2 Reasons: First, when a person performs squats, they are using many different regions of muscle. From the primary engaged muscles (such as the gluteus maximus, quadriceps and hamstrings) to the secondary muscles (erector spinae, transverse abdominus, abductors, adductors, soleus, gastrocnemius) there are many more areas of the body in use when performing a squat vs. an overhead press exercise. Therefore, the RPE will be higher, simply because the person has to use more muscles of the body to generate more force which will cause more peripheral fatigue around the entire body. Also, doing squats causes central fatigue, which is the reduction of neural drive towards working muscles. Therefore, when you do squats, not only do your muscles become tired, you also become mentally tired. Therefore, this combination of physical and mental fatigue causes your RPE to be higher for squats. When you do overhead press, you fatigue due to peripheral fatigue. Unlike squats, which cause your whole body to be tired, overhead press will fatigue the muscles in your arms, but your body as a whole will not feel fatigued. Therefore, the RPE will not be a high for this exercise due to the minimal overall fatigue of your system as compared to when you perform squats.

Why does heart rate decrease with training?

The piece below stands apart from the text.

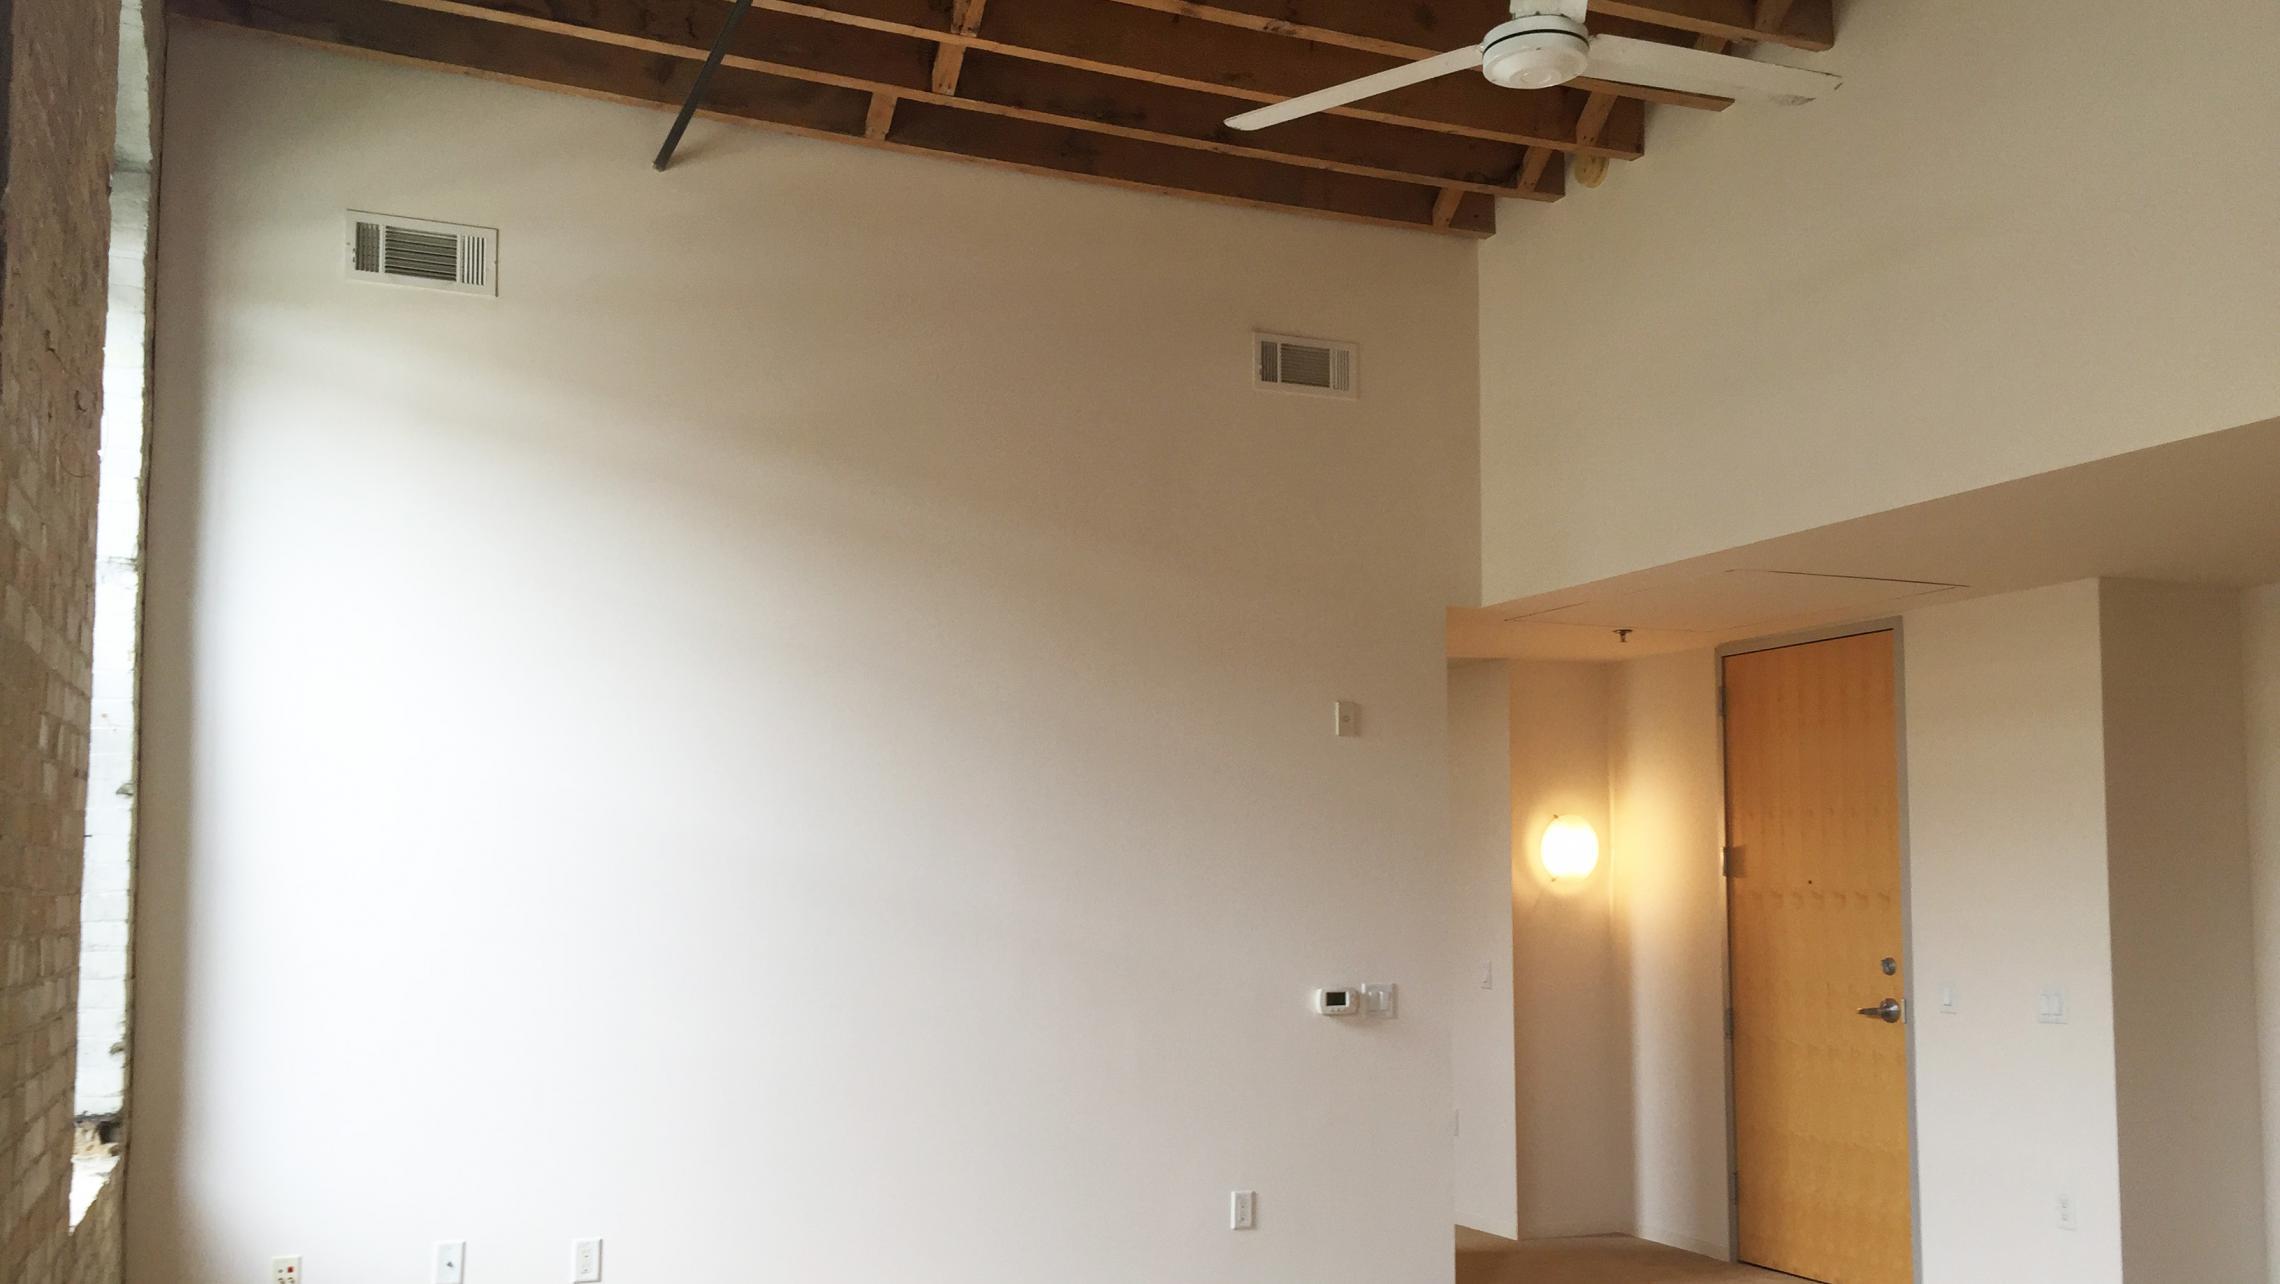 ULI Tobacco Lofts - E208 - Living Area with Historic Touches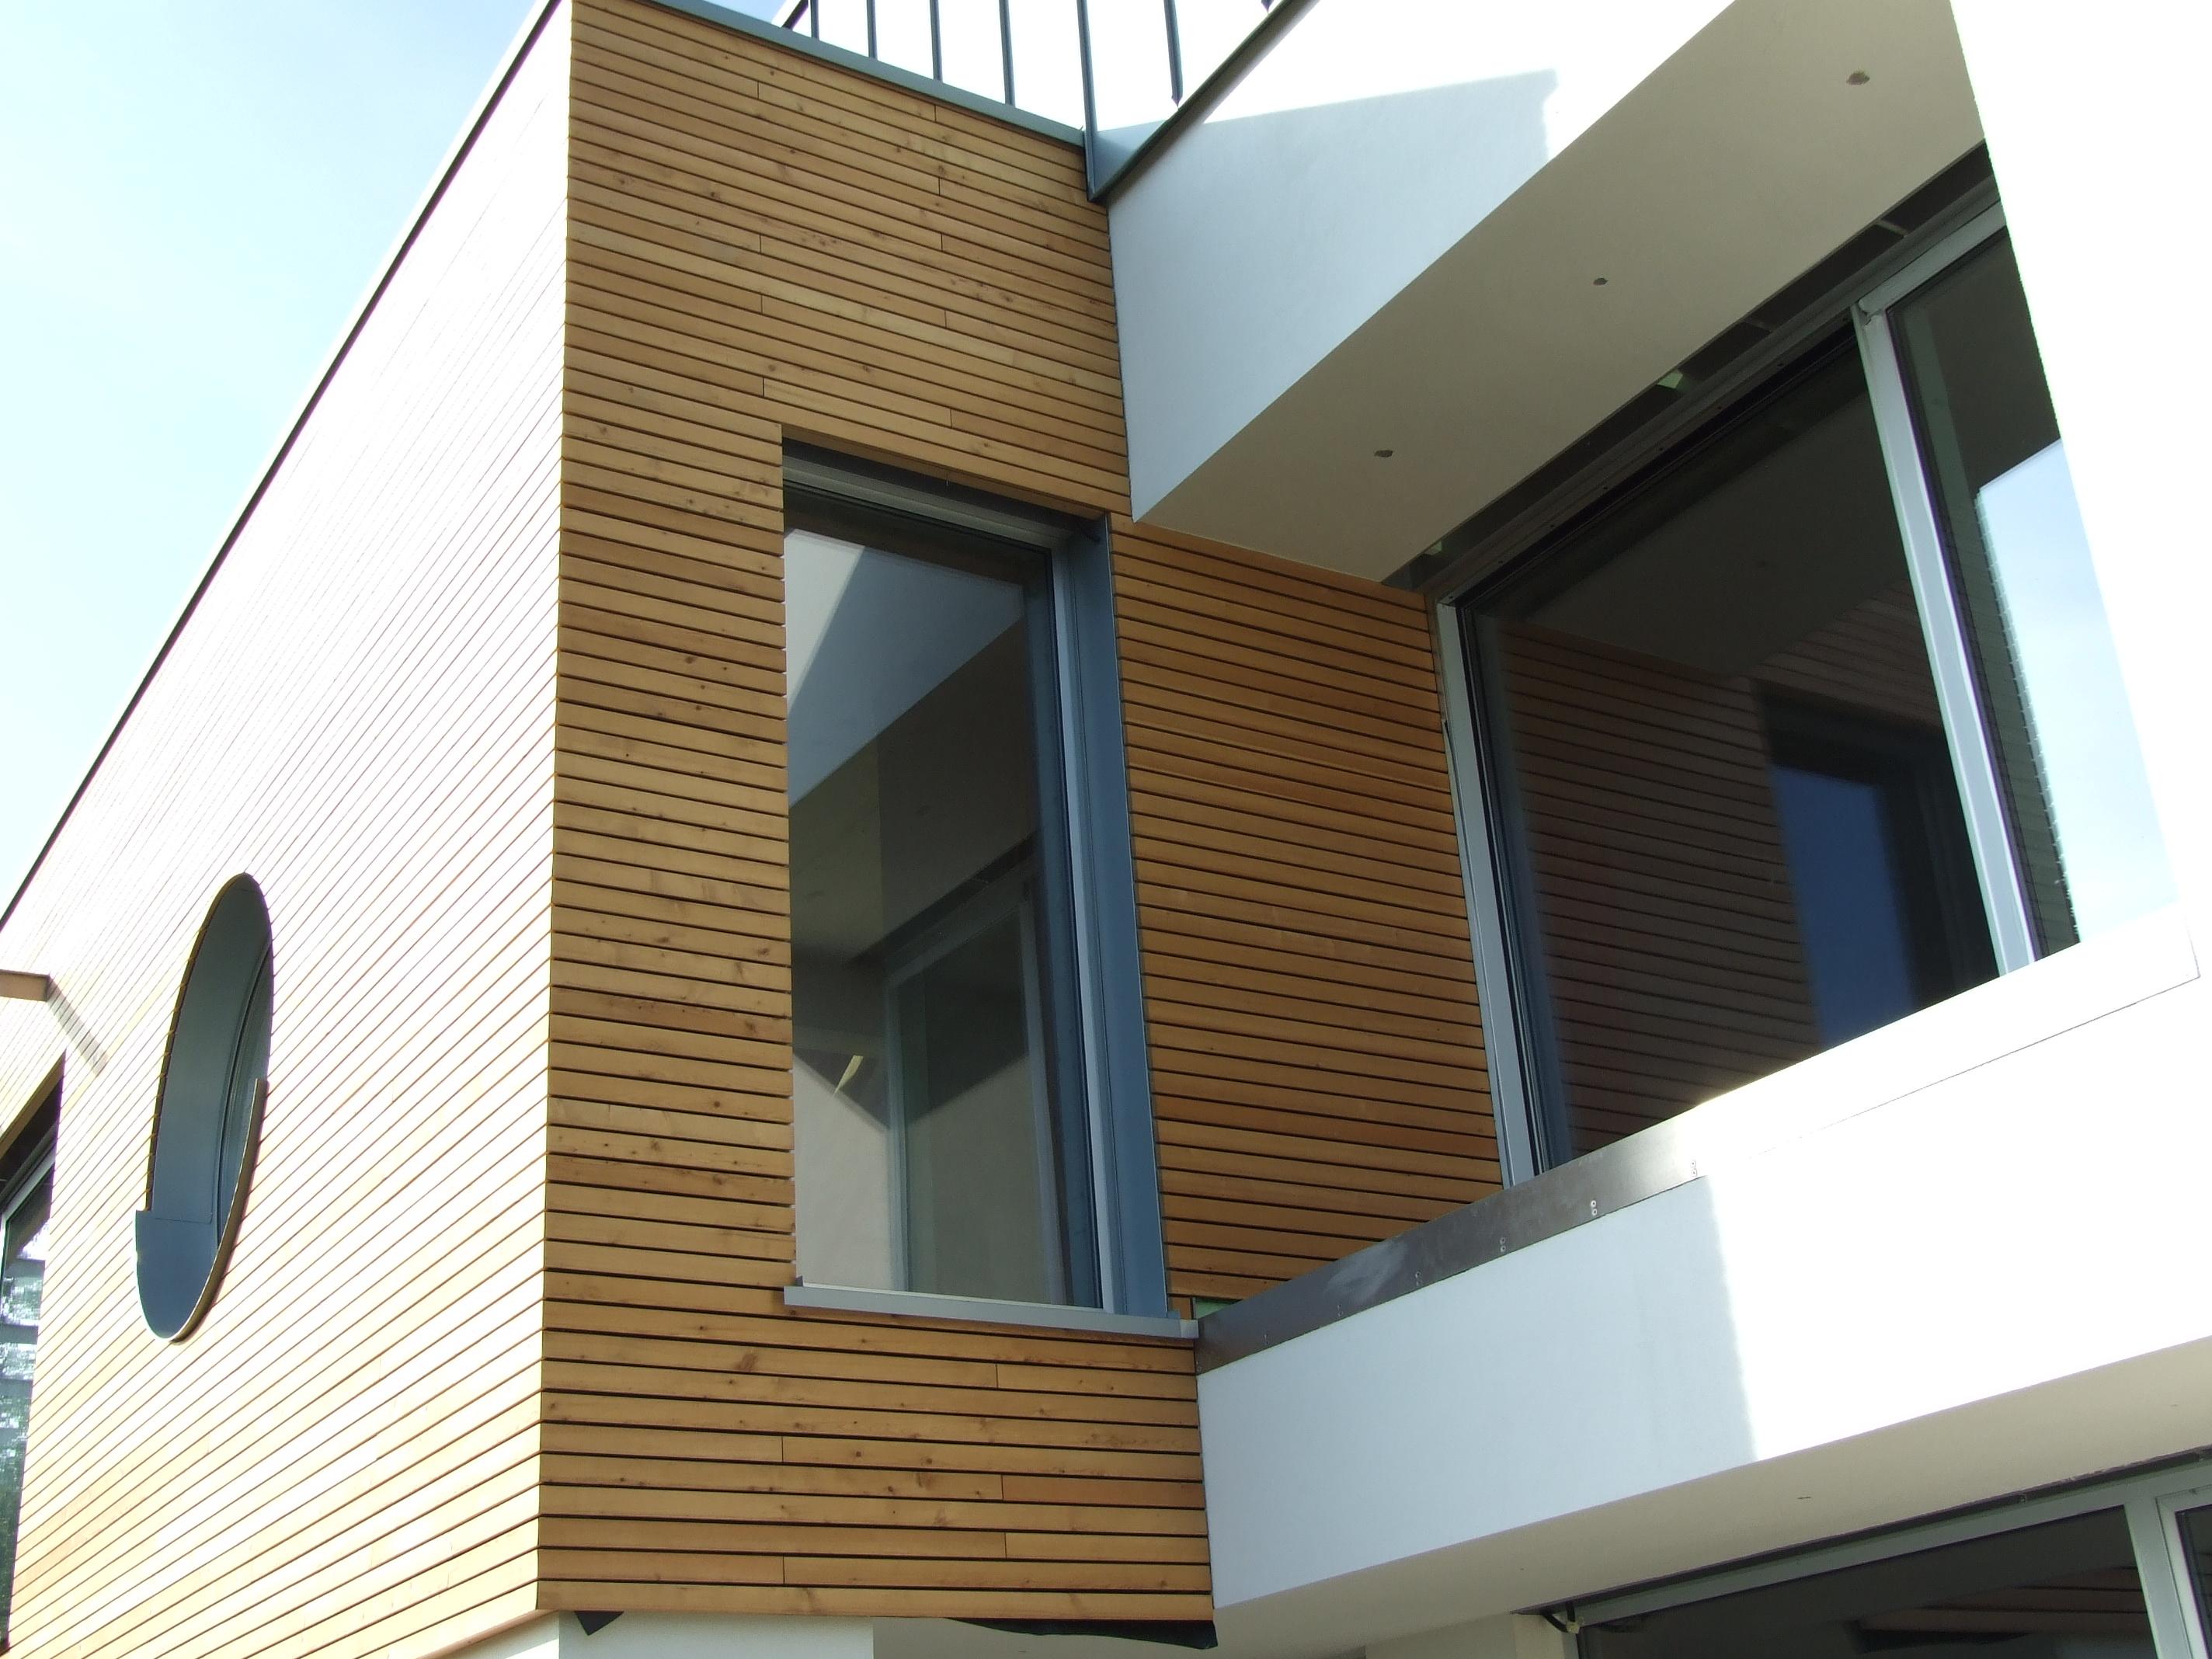 Lesena fasada Mozjanca- sibirski macesen- enaki razmaki med deskami

As you train, two primary things happen that increase your stroke volume and therefore allow you to have a decreased heart rate with the same cardiac output. One of the adaptations is that your heart rate simply becomes a stronger muscle. A stronger muscle can contract more forcefully and force out more blood with each contraction. Another adaptation that leads to increased stroke volume is that when you train, the volume of your blood increases. This increase in blood volume actually allows more blood to be returned to the heart. As more blood is returned to the heart, the heart chambers actually stretch before they contract and push out all of the blood.* This leads to an even stronger contraction that again increases stroke volume, and therefore increases cardiac output.

Drift in Heart Rate

Cardiovascular drift is the phenomenon where some cardiovascular responses begin a time dependent change, or "drift" after around 10 minutes of exercise in a warm or neutral environment. It is characterised by decreases in mean arterial pressure and stroke volume and a parallel increase in heart rate. It is influenced by many factors, most notably the ambient temperature, hydration and the amount of muscle tissue activated during exercise, Glycogen depletion also causes a heart rate drift. To promote cooling, blood flow to the skin is increased, resulting in a shift in fluids from blood plasma to the skin tissue. This results in a decrease in pulmonary arterial pressure and reduced stroke volume in the heart. To maintain cardiac output at reduced pressure, the heart rate must be increased.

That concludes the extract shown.